The BJP now seems to be in a position in West Bengal and across the east to unveil its design of a homogenous polity, where difference is dangerous, as it is perceived as hostile and a challenge to the Sangh’s idea of nation. But that is a trifle misleading. It failed to topple the Trinamul Congress in just those seats where it had the highest hopes — Kolkata North and South, Jadavpur and Dum Dum — that are part of the larger metropolitan area. For West Bengal, Kolkata is the centre of the universe. Till that falls into the BJP’s hands, the wellsprings of dissent will continue to merrily bubble up, spawning opposition.

The BJP’s success was in the countryside; its voteshare of close to 40 per cent is perilously close to the TMC’s 45 per cent voteshare. The reasons for the BJP’s success needs more granular analysis and that will come later; but, for now, its expansion in rural West Bengal — up north in Darjeeling, in Alipurduar, in Cooch Behar, in Jalpaiguri, Maldia North and South, out west in Jhargram, Purulia, Medinipur and down south in Durgapur-Bardhaman, Asansol, Ranaghat — changes it from a non-Bengali party into a naturalised one. This is contrary to the BJP’s expectations and the pundits’ predictions, who believed Kolkata would be the citadel that first crumbled, partly because the majority of its inhabitants are non-Bengali and partly as the bhadralok disenchantment with Mamata Banerjee is the loudest in the city. The ground has shifted from under Ms Banerjee’s feet. The social and class appeal of the “Ma-Mati-Manush” combination designed to identify with the rural, semi-urban and low income-low expectation voters
in West Bengal has dwindled. Rural voters are clearly voicing their frustration and anger. Equally clear is that Narendra Modi’s message of rebuilding the nation as a Hindu sanctuary, peopled by ardent desh bhakts has stirred up dormant sentiment about communal identity. On a prosaic level, the fun of celebrating yet another god — Shri Ram — has its own appeal in West Bengal, where such events are an excuse to collect funds and indulge.

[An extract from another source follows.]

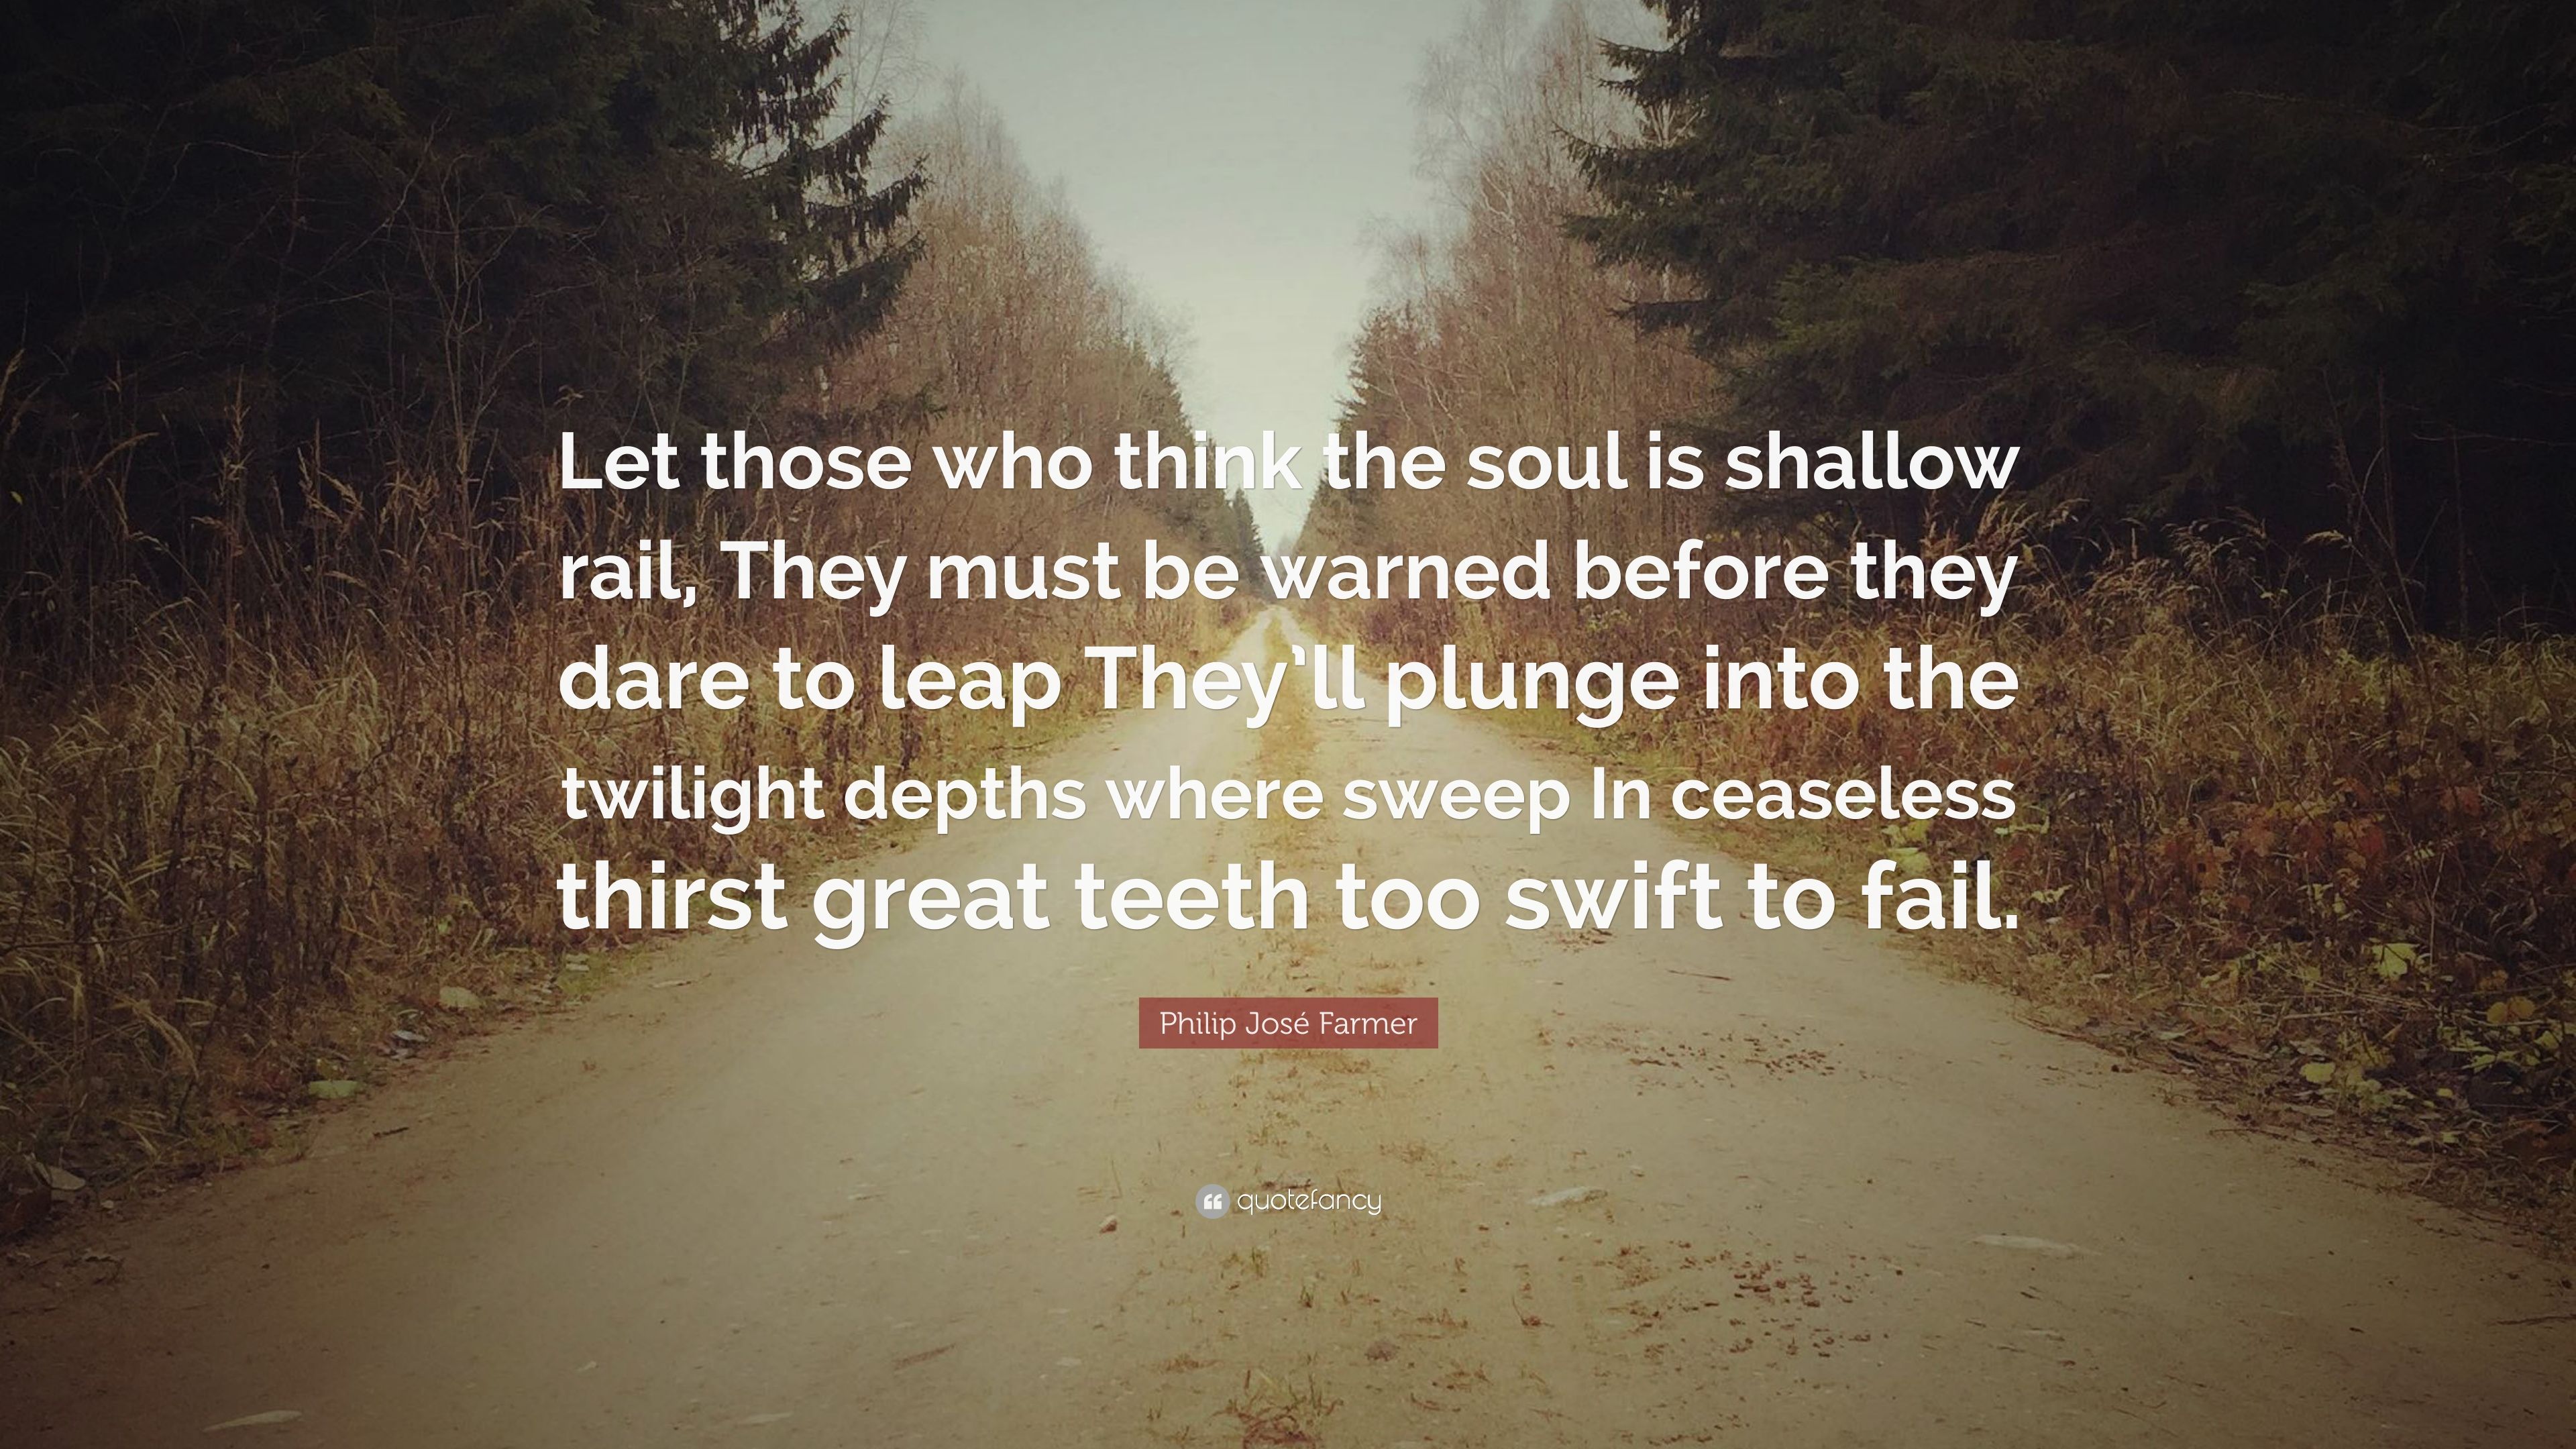 Philip José Farmer Quote: “Let those who think the soul is shallow

The Bengal verdict means a paradigm change in politics; from a social and political consensus to keep communal polarisation out of politics to its installation centrestage. It doesn’t make the Bengali a greater desh bhakt than before; it merely signals that the corrosive content of the BJP’s politics about marginalisation of the majority because of the politics of appeasement of Muslims by the “secular” parties, including Trinamul Congress, has rooted itself and is rapidly spreading across the state.

The verdict is also a choice Bengalis are making about joining the national political mainstream. There has been en bloc shift of votes from the Left to the BJP; the losses of one are the gains of the other. The appeal of a strong authoritative persona runs deep in the Bengali voter psyche. Before Mr Modi, it was Ms Banerjee. The difference is that the fear of being left behind to languish under successive local regimes has possibly contributed to the BJP’s unexpectedly large haul of seats.

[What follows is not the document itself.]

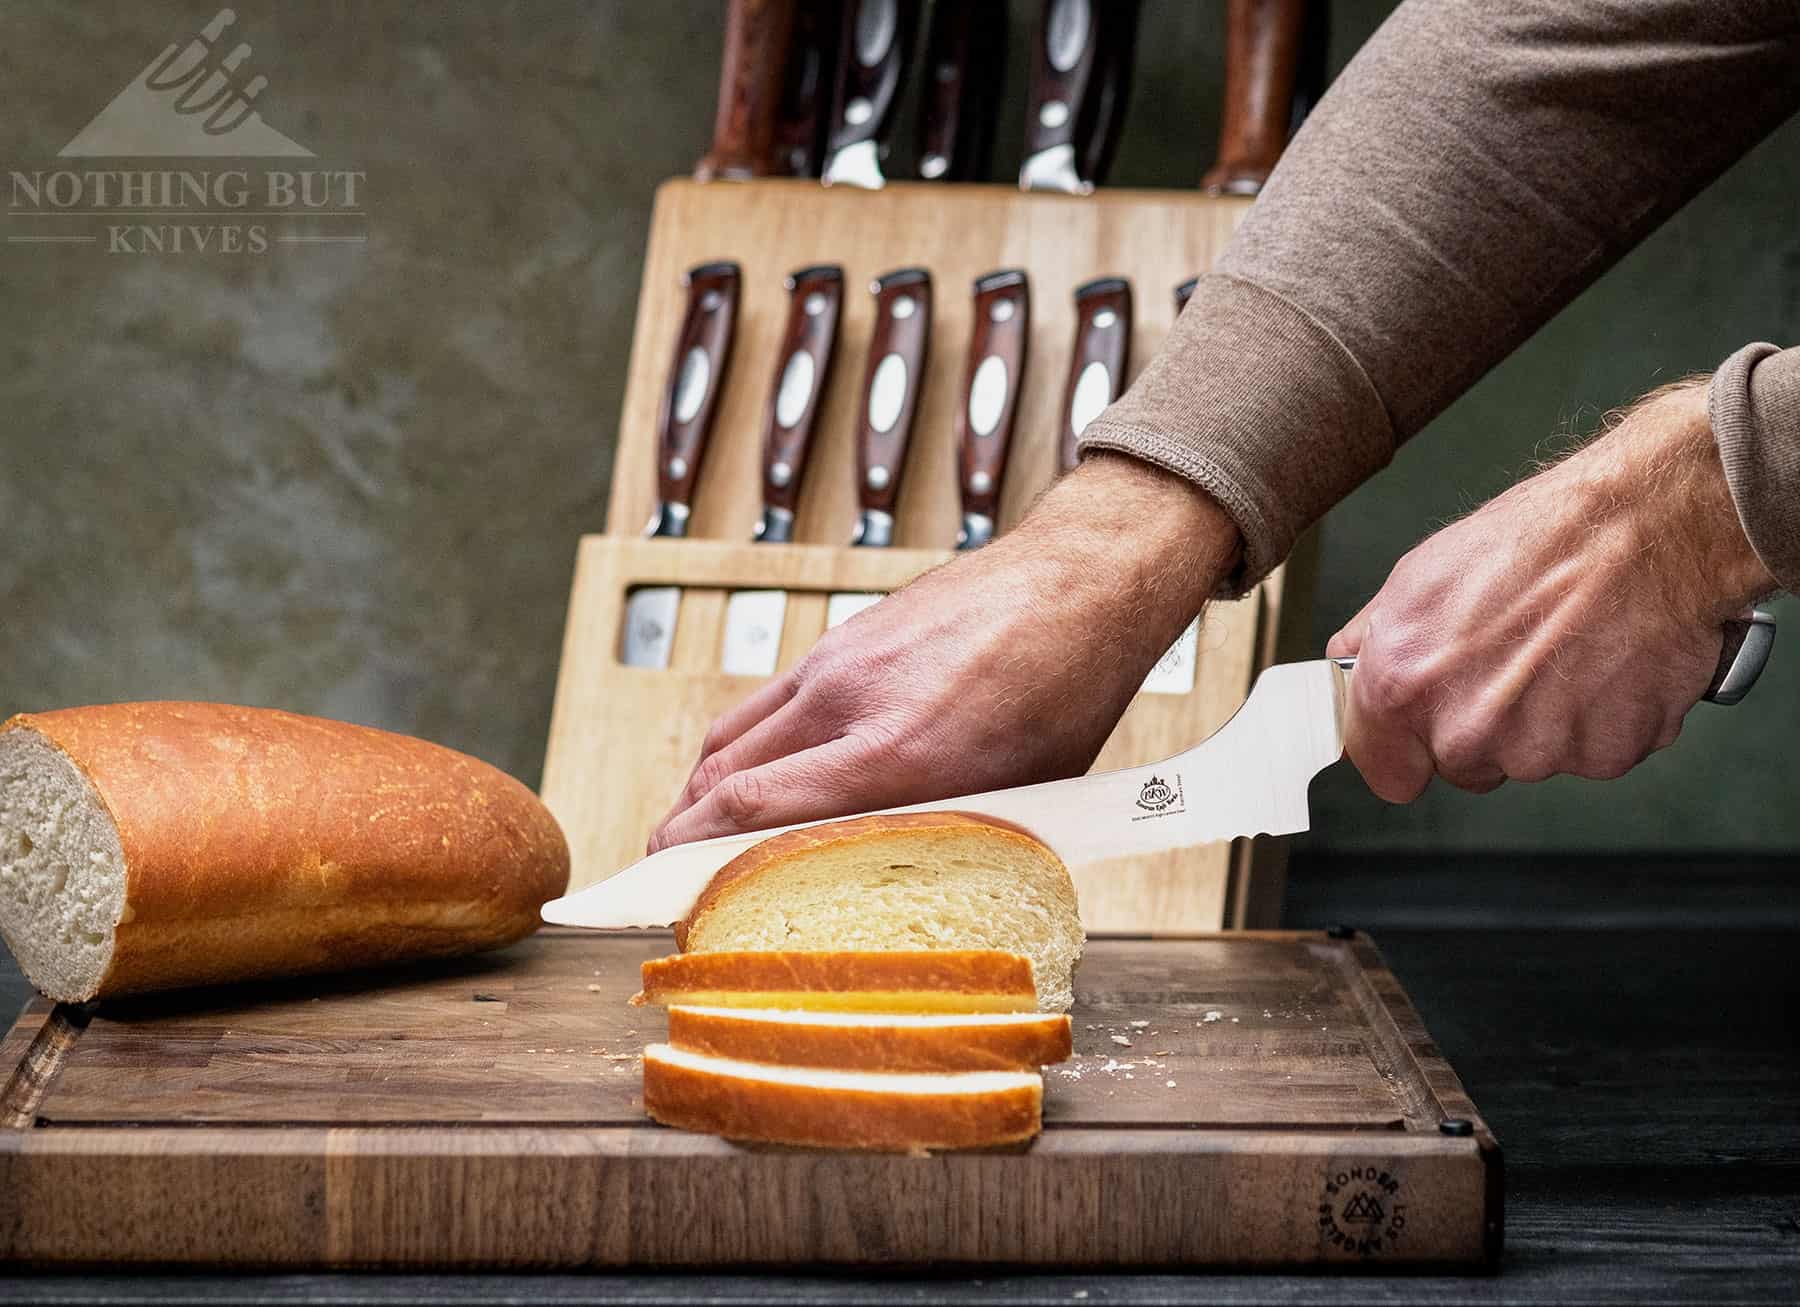 The off-set bread knife included in this set is a standout performer.

Mr Modi made 17 visits to West Bengal to win 18 seats; to win a majority of the 294 seats in the Assembly, it is easy to predict he will be a frequent visitor. The BJP, with its government at the Centre, will be a heavyweight opponent that could crush Ms Banerjee in 2021. If the BJP chose, it could break her hold over the state before that, by using violence as a reason for dismissing her government. The size of the BJP’s win and the turmoil it must necessarily create among parties that tried to put together the anti-BJP, anti-Congress regional party front will cramp Ms Banerjee’s capacity to fight off the threat.

West Bengal’s mainstreaming under the BJP’s patronage will challenge the survival of the Trinamul Congress, CPI(M) and Congress. It may end up as the race to see how fast the BJP converts these parties into “signboards;” or will it lose that challenge?